* [Assignment] Can the lines below, from the one that holds "Pine armoire (6 drawer tall dresser)" to the very end, be echoed exactly, with both ends included and no pictures?

* [Stored data]
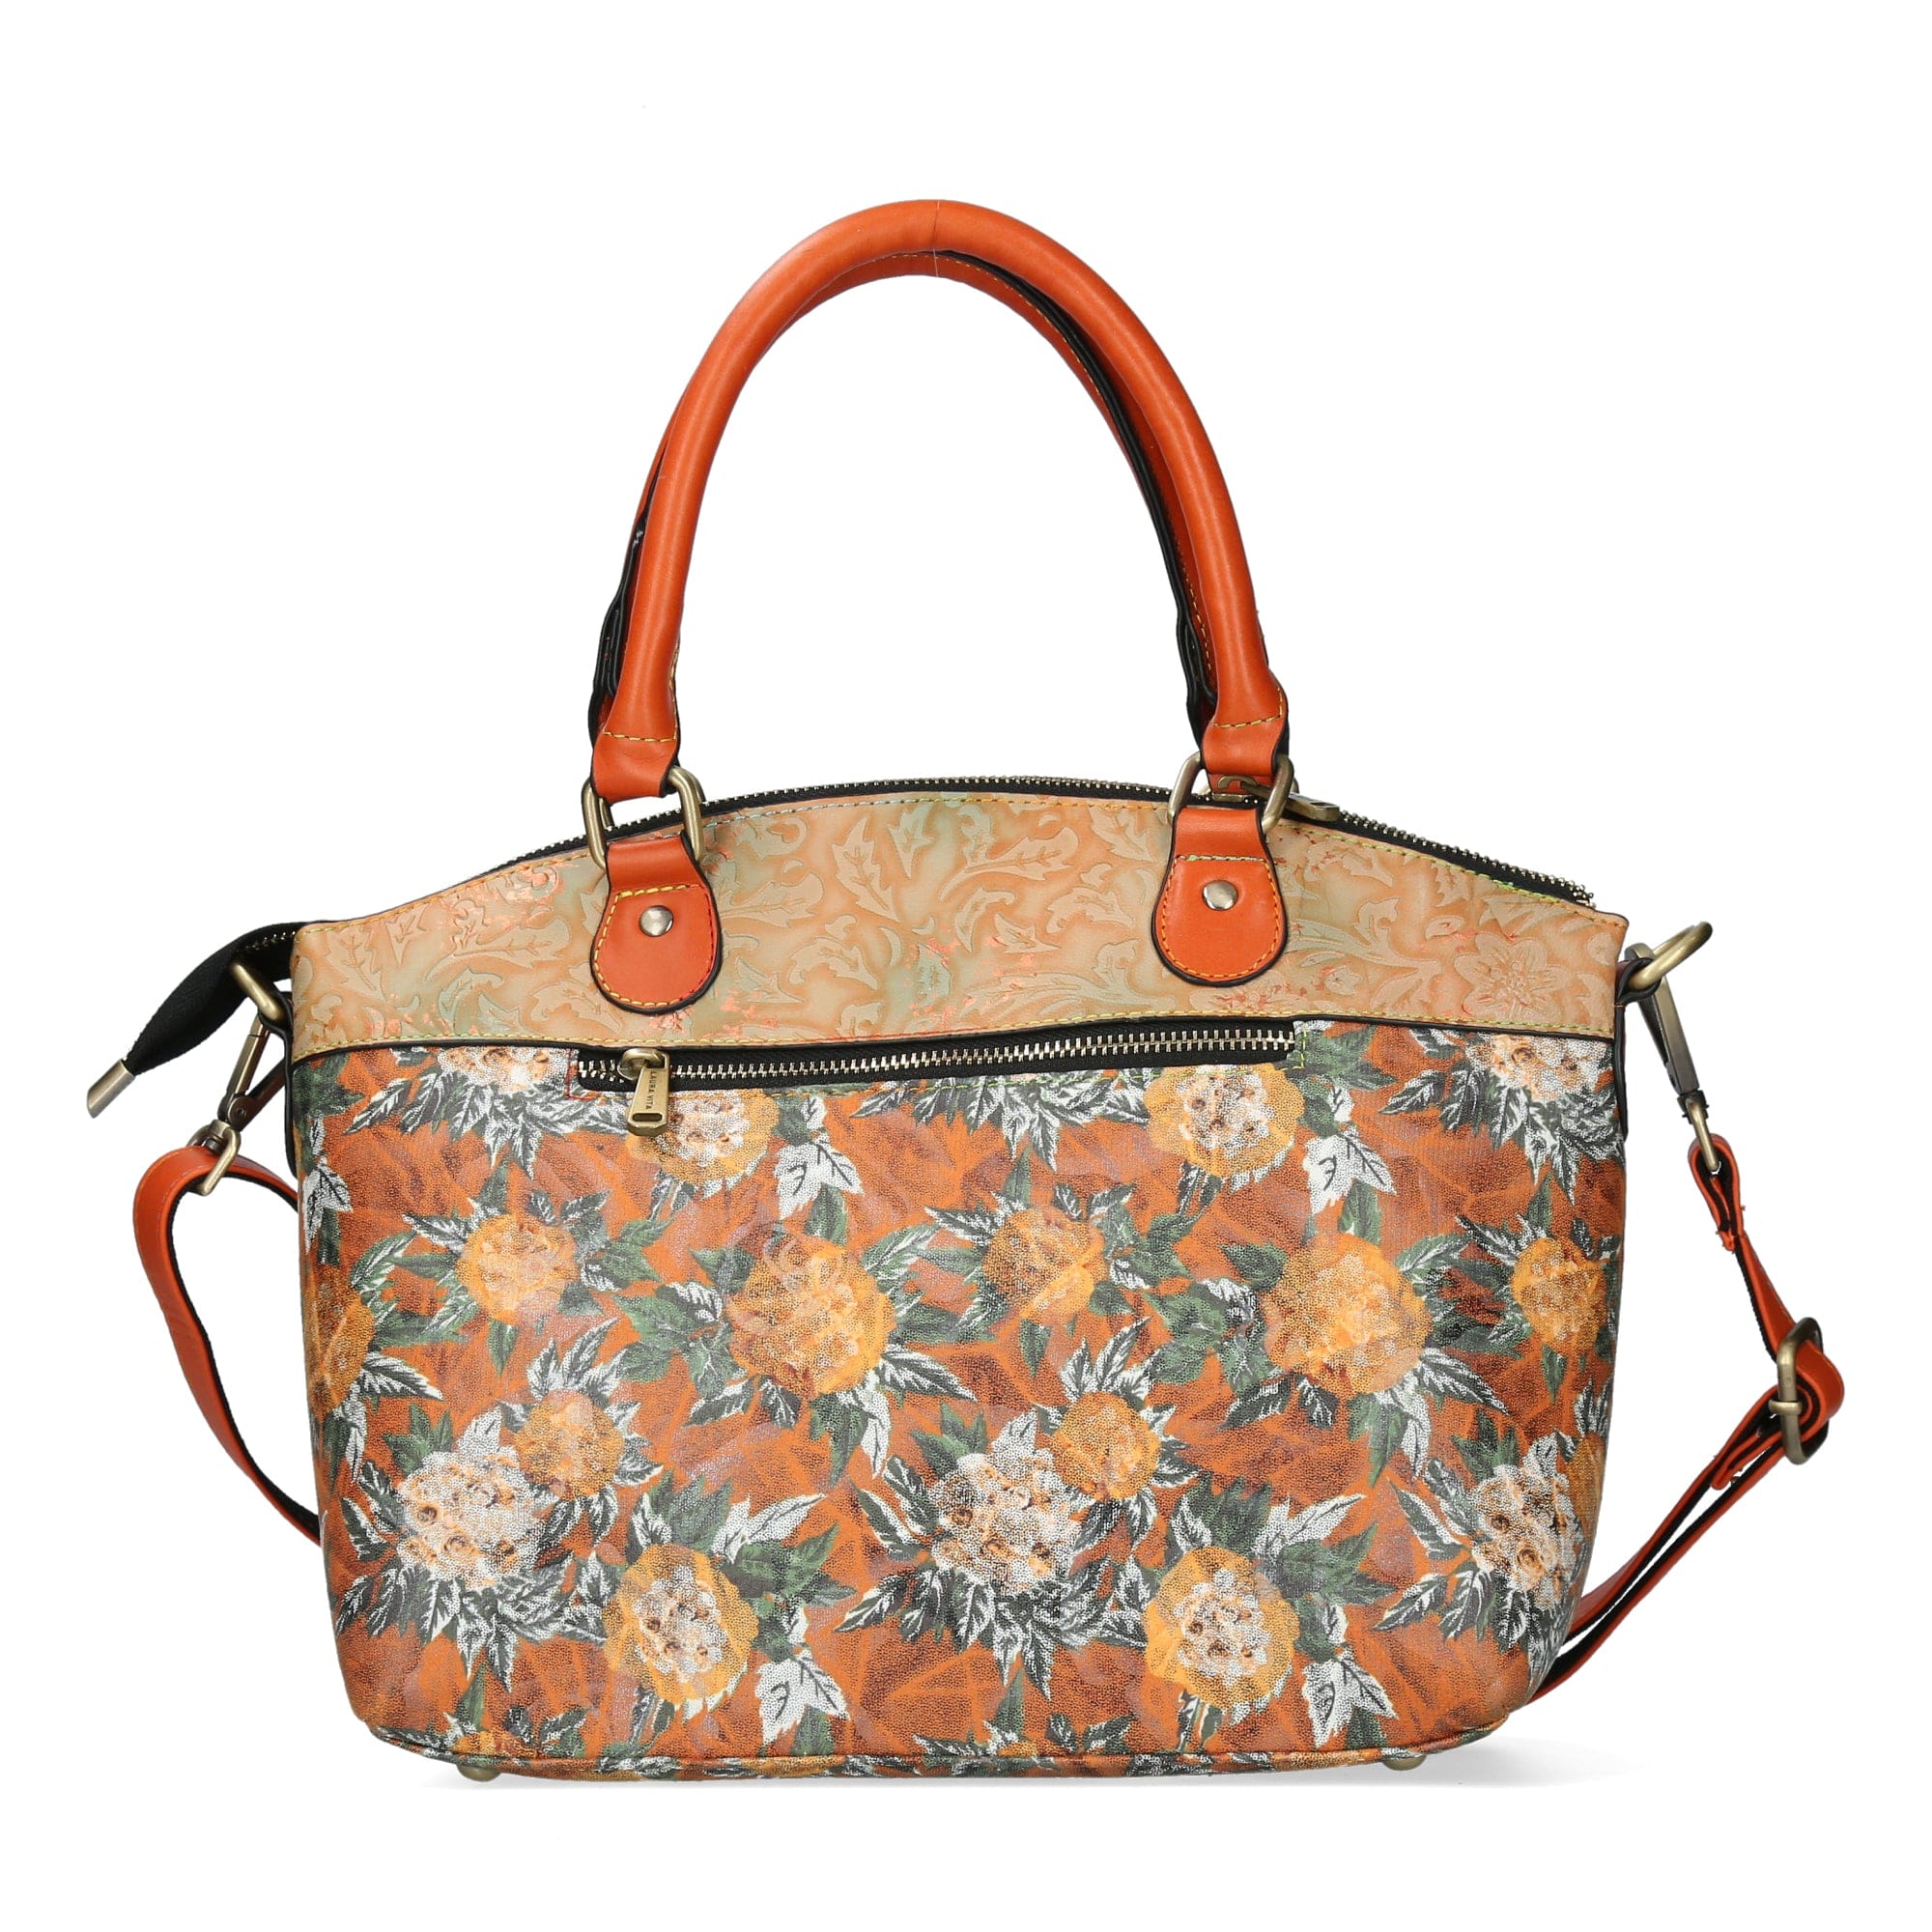 Handbag 4736 - Bag
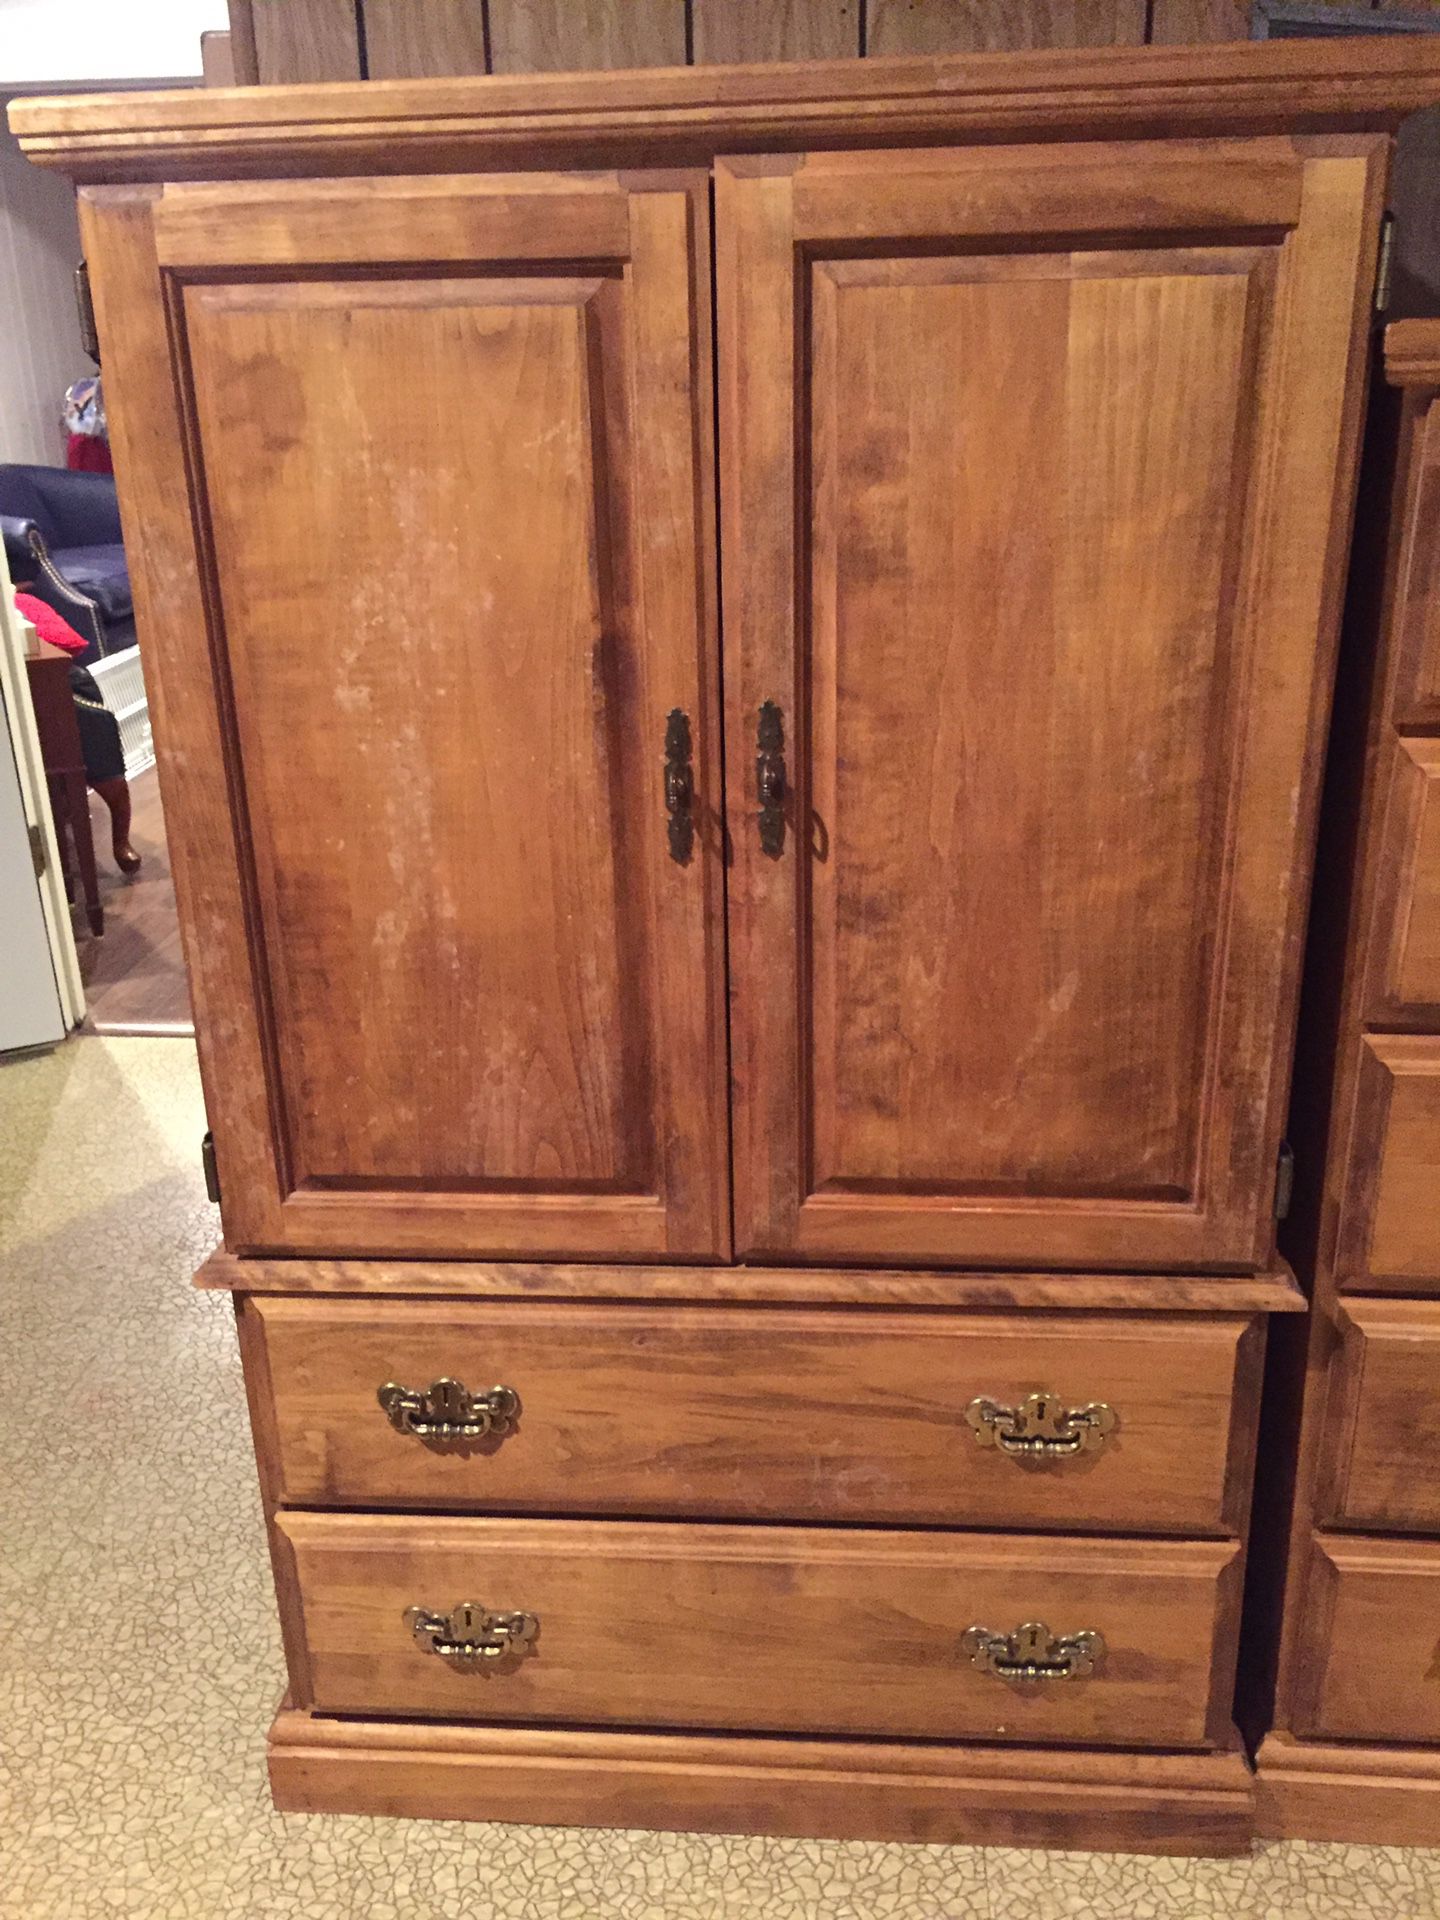 Pine armoire (6 drawer tall dresser)
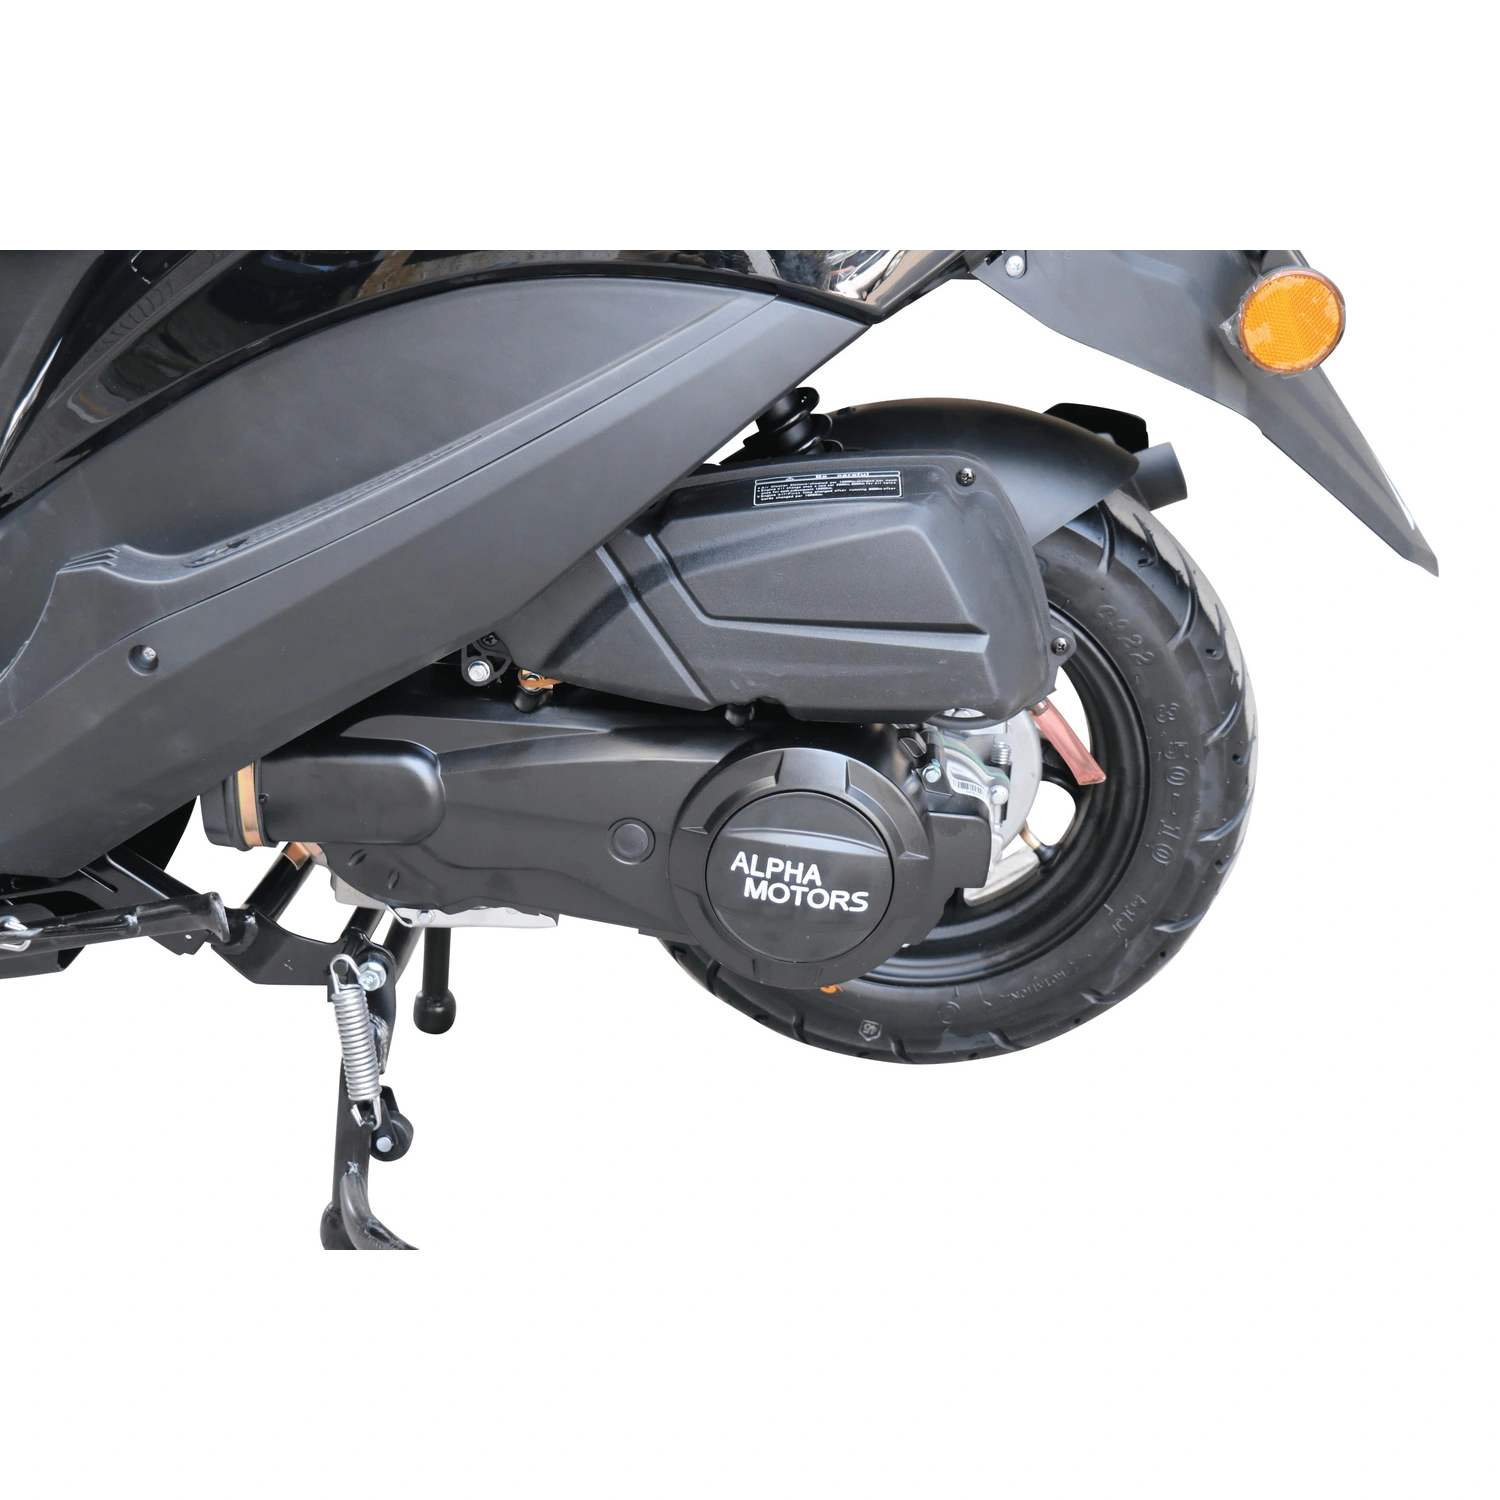 ALPHA MOTORS Motorroller »Topdrive «, km/h, 5 85 cm³, 125 Euro

* [Output]
 Pine armoire (6 drawer tall dresser)
 ALPHA MOTORS Motorroller »Topdrive «, km/h, 5 85 cm³, 125 Euro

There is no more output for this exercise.